Fibrous dysplasia is a rare, non-cancerous bone disorder where normal bone tissue is replaced by abnormal fibrous tissue. This replacement can weaken the bone, potentially leading to fractures or deformities.
Defining Fibrous Dysplasia
Fibrous dysplasia results from a spontaneous genetic mutation in the GNAS gene, which is not inherited from parents. This mutation affects cells responsible for bone formation, leading to disorganized, fibrous bone that lacks the strength of healthy bone, making affected bones more fragile and susceptible to bowing or breaking.
The condition primarily presents in two forms. Monostotic fibrous dysplasia involves only a single bone and is the most common type. Polyostotic fibrous dysplasia affects multiple bones, often on one side of the body, and is generally more severe. A more extensive form of polyostotic fibrous dysplasia is McCune-Albright syndrome, which includes bone involvement along with other features like skin pigmentation and hormonal abnormalities.
Recognizing the Manifestations
The signs and symptoms of fibrous dysplasia can vary significantly depending on the location and extent of the affected bone(s). Bone pain is a common symptom, often described as a dull ache, and can intensify with activity or stress on the bone. Swelling, limping, and bone deformities, such as bowing of long bones or facial asymmetry, are also frequently observed.
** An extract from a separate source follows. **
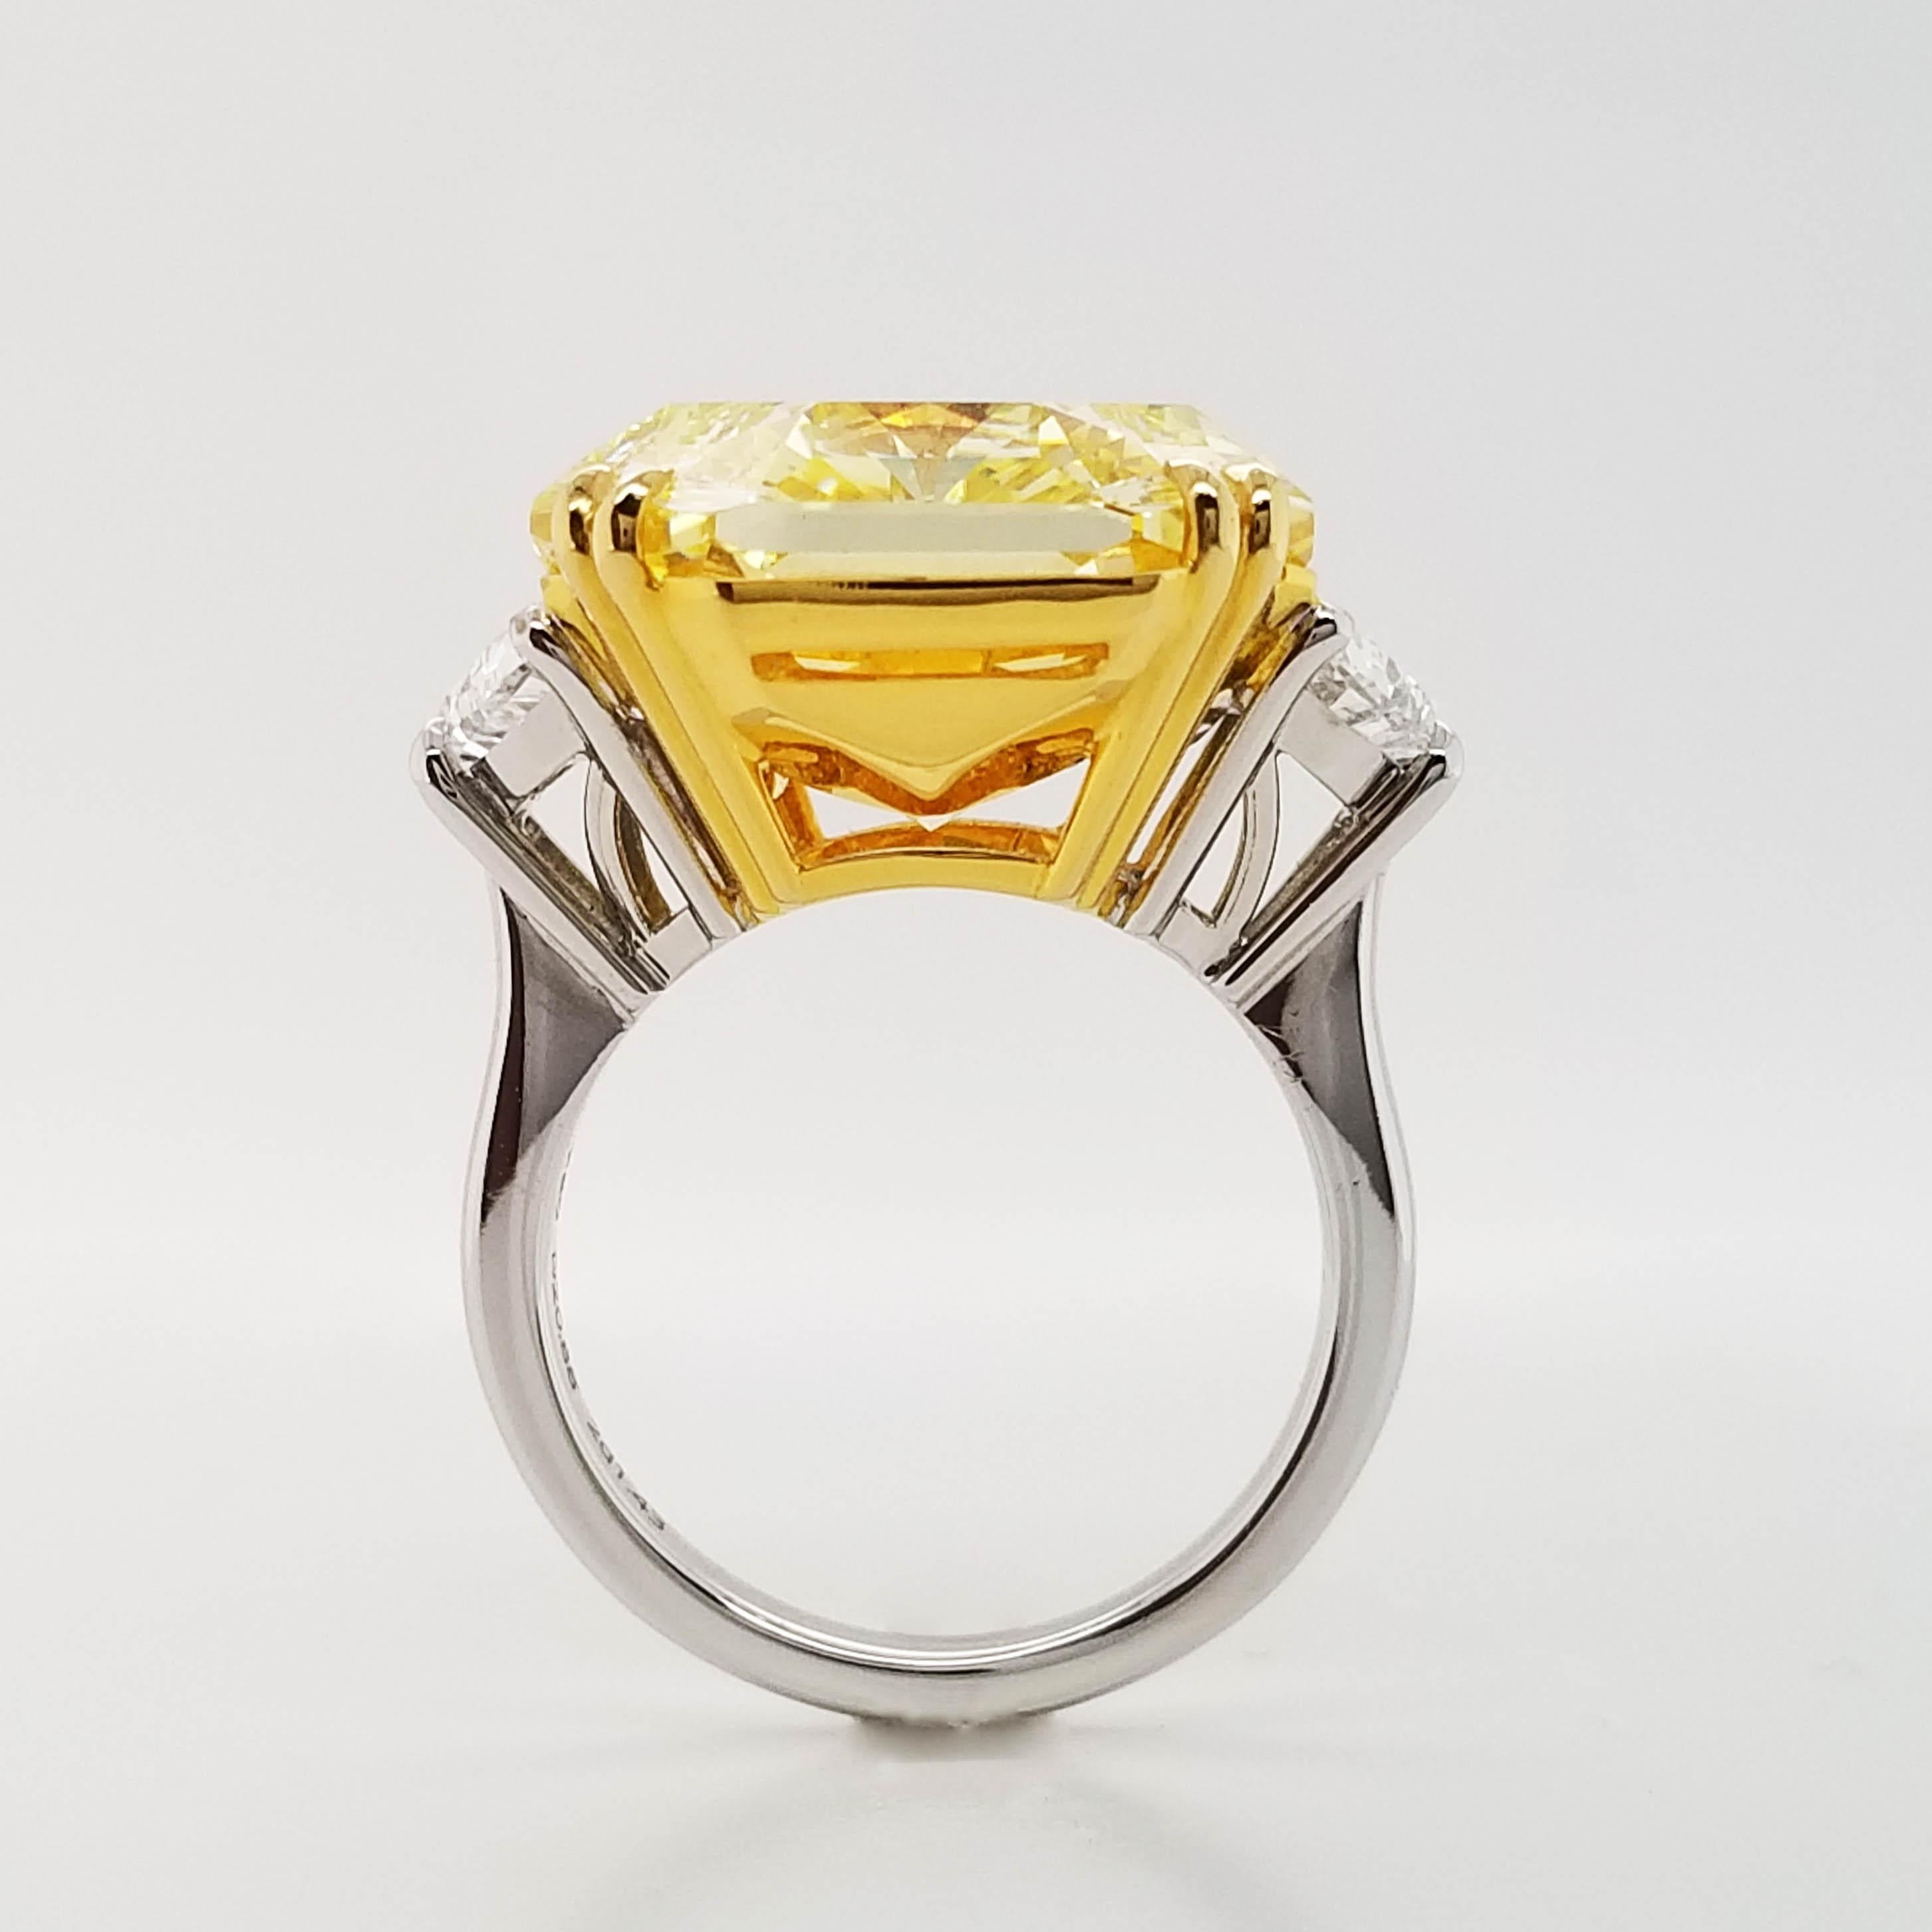 20 carat yellow diamond

Fractures, especially in weight-bearing bones, can be an early indicator due to the weakened bone structure. Fibrous dysplasia can affect any bone, but it is most often found in long bones like the femur (thighbone) and tibia (shinbone), as well as the ribs, skull, and facial bones. When the skull and facial bones are involved, it can lead to issues like jaw misalignment, nasal congestion, or problems with vision or hearing due to nerve compression.
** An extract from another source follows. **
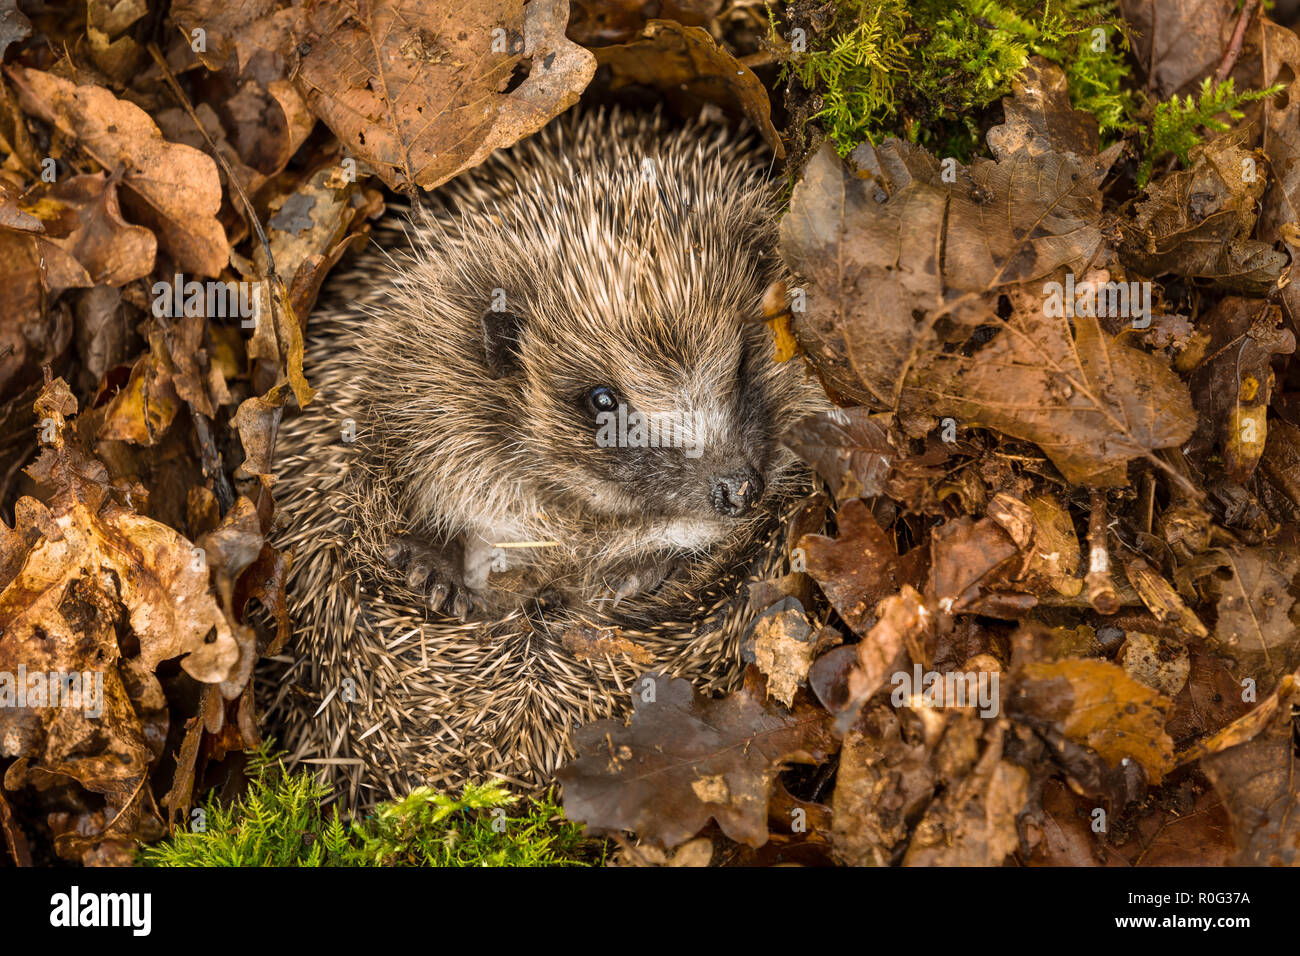 Hibernating Hedgehog High Resolution Stock Photography And Images Alamy

Navigating Diagnosis and Management
Diagnosing fibrous dysplasia begins with a physical examination and a detailed patient history, especially noting any pain, swelling, or deformities. Imaging studies are important for identifying and characterizing the bone lesions. X-rays may reveal areas of abnormal bone with a characteristic “ground-glass” appearance, indicating the fibrous tissue replacing normal bone.
Computed tomography (CT) scans offer more detailed cross-sectional images, particularly useful for evaluating craniofacial involvement, while magnetic resonance imaging (MRI) can assess the extent of the lesion and surrounding soft tissues. A bone scan can help identify all affected bones throughout the skeleton. A definitive diagnosis often requires a bone biopsy, involving microscopic examination of a tissue sample from the affected area to confirm the presence of fibrous tissue.
Management of fibrous dysplasia focuses on alleviating pain, preventing fractures, and correcting any deformities. Medical treatments may include bisphosphonates, which can help reduce bone pain and strengthen the bone, thereby lowering the risk of fractures. These medications work by slowing down bone breakdown.
Surgical interventions are often necessary, especially for symptomatic lesions, fractures, or progressive deformities. Procedures can involve curettage, where the abnormal fibrous tissue is scraped out of the bone, sometimes followed by bone grafting to fill the cavity and stabilize the bone. Internal fixation, using metal rods, plates, or screws, may be used to support weakened bones, prevent fractures, or correct existing deformities. For craniofacial involvement, surgery may aim to restore facial symmetry, decompress nerves, or improve function.
Outlook and Support
The progression of fibrous dysplasia can vary significantly among individuals. In many cases, the condition tends to stabilize after skeletal maturity, with lesions stabilizing once bone growth ceases. However, the abnormal bone does not disappear, and symptoms can persist into adulthood.
While generally non-cancerous, a very rare complication is the malignant transformation of fibrous dysplasia into cancerous tumors, occurring in less than 1% of patients, primarily in severe polyostotic forms. Patients with extensive involvement, especially in the skull and face, might experience nerve compression, potentially leading to vision or hearing changes. A multidisciplinary team, including orthopedic surgeons, endocrinologists, geneticists, and pain specialists, is often involved in providing comprehensive care. Patient education and participation in support groups can be beneficial for managing symptoms and maintaining quality of life.